For each review, we want to compute the polarity for all the concepts/tokens contained in the review. Let's do this for one single review:

In [12]:
rvw = imdb_data.iloc[0]
rvw_tokens = imdb_data['review_tokens'].iloc[0]

rvw_polarity = dict()

for concept in rvw_tokens:
    # get the polarity score from SenticNet
    try:
        polarity_score = sn.polarity_value(concept)
        rvw_polarity[concept]= polarity_score
    # ignore tokens not found in SenticNet
    except:
        pass

print('Original review:', rvw['review'])
print('\nSentiment:', rvw['sentiment'])
print('\nTokens:', rvw_tokens)
print('\nPolarity:', rvw_polarity)

Original review: One of the other reviewers has mentioned that after watching just 1 Oz episode you'll be hooked.
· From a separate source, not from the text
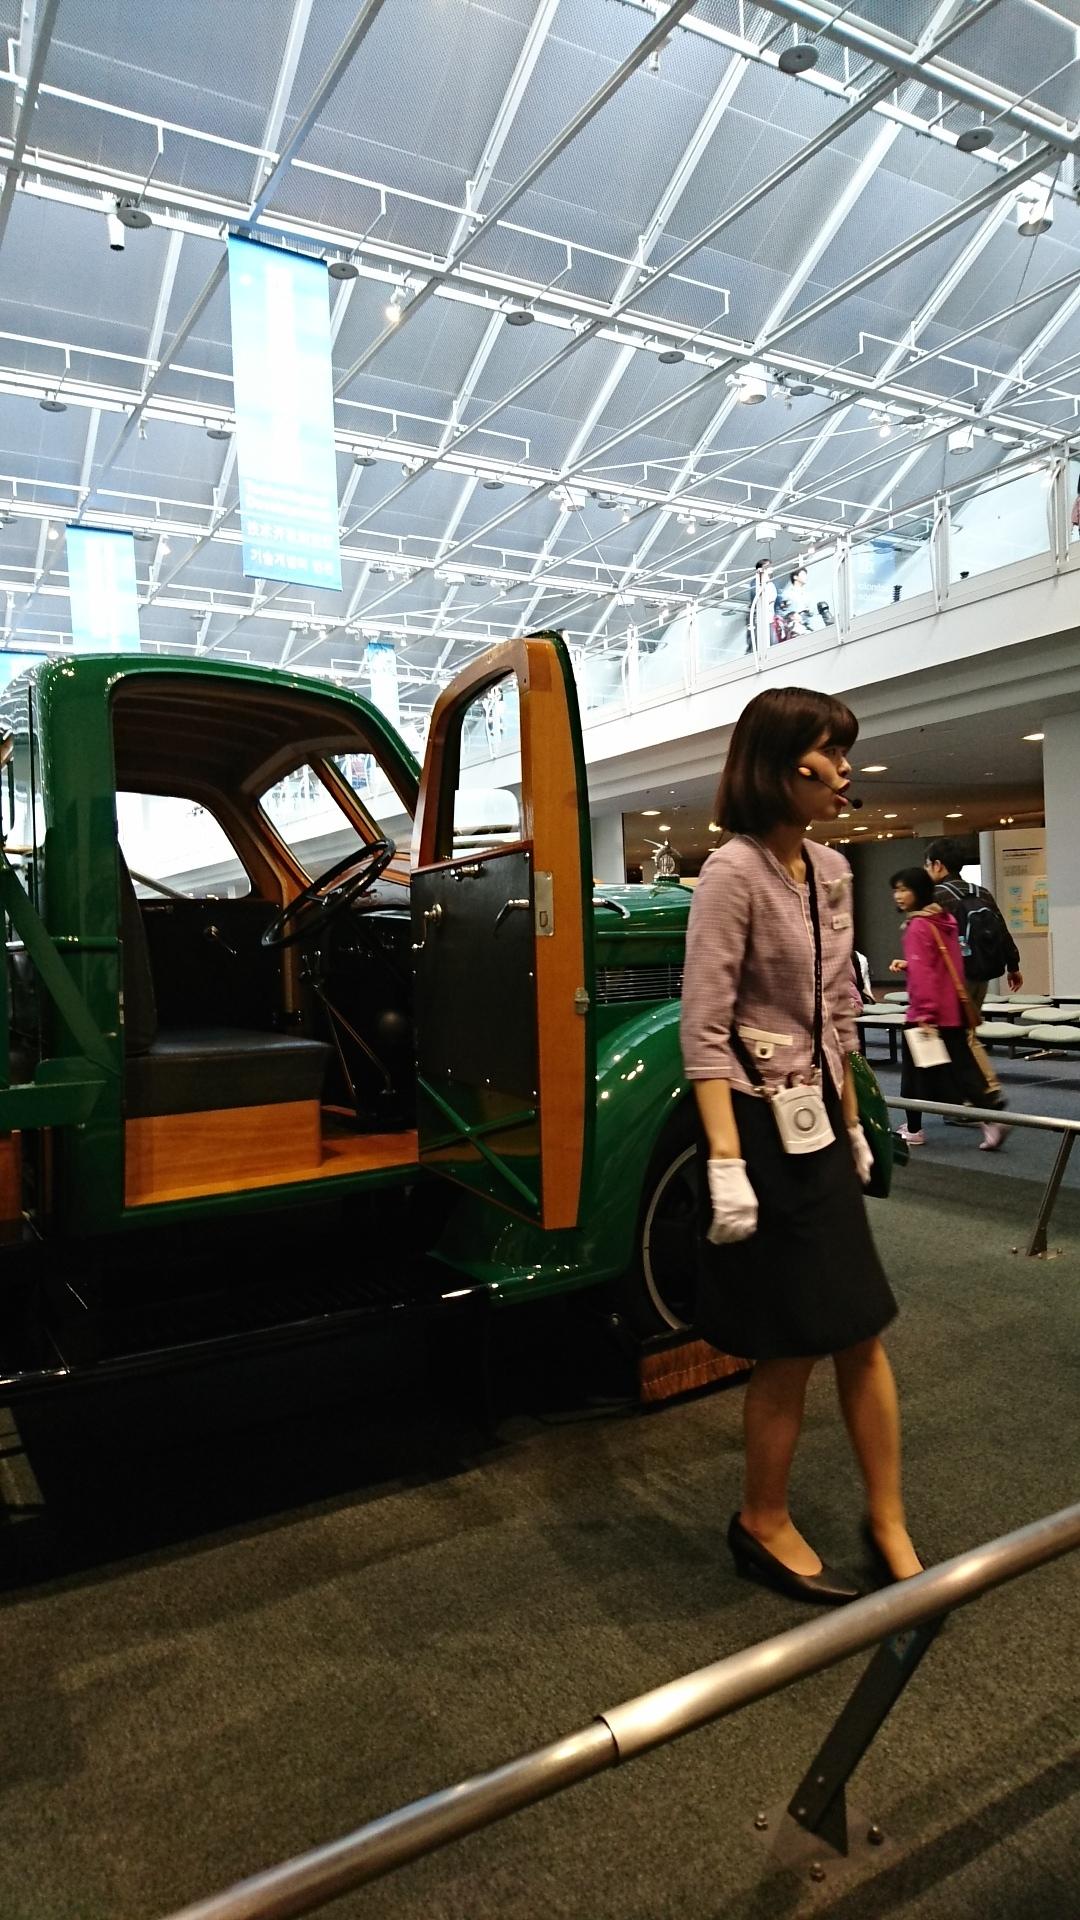 2018.5.3 (14) トヨタ産業技術記念館 - 自動車館 1080-1920

They are right, as this is exactly what happened with me.<br /><br />The first thing that struck me about Oz was its brutality and unflinching scenes of violence, which set in right from the word GO. Trust me, this is not a show for the faint hearted or timid. This show pulls no punches with regards to drugs, sex or violence. Its is hardcore, in the classic use of the word.<br /><br />It is called OZ as that is the nickname given to the Oswald Maximum Security State Penitentary. It focuses mainly on Emerald City, an experimental section of the prison where all the cells have glass fronts and face inwards, so privacy is not high on the agenda. Em City is home to many..Aryans, Muslims, gangstas, Latinos, Christians, Italians, Irish and more....so scuffles, death stares, dodgy dealings and shady agreements are never far away.<br /><br />I would say the main appeal of the show 

We want to train our LSTM with the numerical values from the polarity dictionary, hence:

In [13]:
rvw_polarity.values()

dict_values(['0.9', '-1.0', '-0.92', '0.9', '-0.74', '0.9', '-0.64', '0.747', '-0.08', '0.161', '-0.16', '-0.83', '-0.17', '0.085', '-0.83', '-0.45', '-0.85', '0.775', '0.232', '-0.12', '-0.7', '0.9', '-0.88', '-0.81', '-0.81', '-0.91', '0.9', '0.366', '-0.83', '0.943', '-0.18', '0.9', '-0.77', '0.76', '-0.00', '0.9', '-0.82'])

Let's now inference the polarity for all the reviews.

In [None]:
# This function gets an array of tokens and returns an array of polarity scores

def get_polarity_scores(tokens):
    polarity_scores = []
    
    for token in tokens:
        # Get the polarity score from SenticNet
        try:
            polarity_scores.append(sn.polarity_value(token))
        # Ignore tokens not found in SenticNet
        except:
            pass
    
    return polarity_scores


# apply function to the dataset
imdb_data['pol_scores'] = imdb_data['review_tokens'].apply(lambda x : get_polarity_scores(x))

imdb_data.sample(5)

We are now ready to train our LSTM model.

**Neural : simple NN model**

We start by dividing the dataset into train, validation and test.

In [None]:
# X = polarity scores, y = sentiment labels
X = imdb_data['pol_scores'].to_list()
y = imdb_data['sentiment'].to_numpy()

# all the arrays in X have different length, so we need to 'pad' them
X = pad_sequences(X, padding='post', dtype=float)

# split dataset: train/test
X_train, X_test, y_train, y_test = train_test_split(X, y, test_size=0.2, random_state=42)

# split dataset: train/val
X_train, X_val, y_train, y_val = train_test_split(X_train, y_train, test_size=0.2, random_state=42)


print(X_train.shape)
print(X_val.shape)
print(X_test.shape)

Create the model:

In [None]:
# Define the neural network model
model = Sequential([
    Dense(64, activation='relu', input_shape=(X_train.shape[1],)),
    Dropout(0.2),
    Dense(32, activation='relu'),
    Dropout(0.2),
    Dense(16, activation='relu'),
    Dropout(0.2),
    Dense(1, activation='sigmoid')
])


# Compile the model
model.compile(optimizer='adam', loss='binary_crossentropy', metrics=['accuracy'])

model.summary()

Train the model:

(**Accuracy will NOT be high!**)

In [None]:
# Train model

results = model.fit(X_train, y_train, epochs=30, batch_size=64, validation_data=(X_val, y_val))

**Task 2 (optional)**

Evaluate the model on:
- validation set
- test set

In [None]:
# write here your code

As you can observe, the accuracy is pretty low, this can be due to different factors (in primis, the simplicity of the model). Try to change the Neural Network structure. Would a RNN/LSTM structure be more efficient?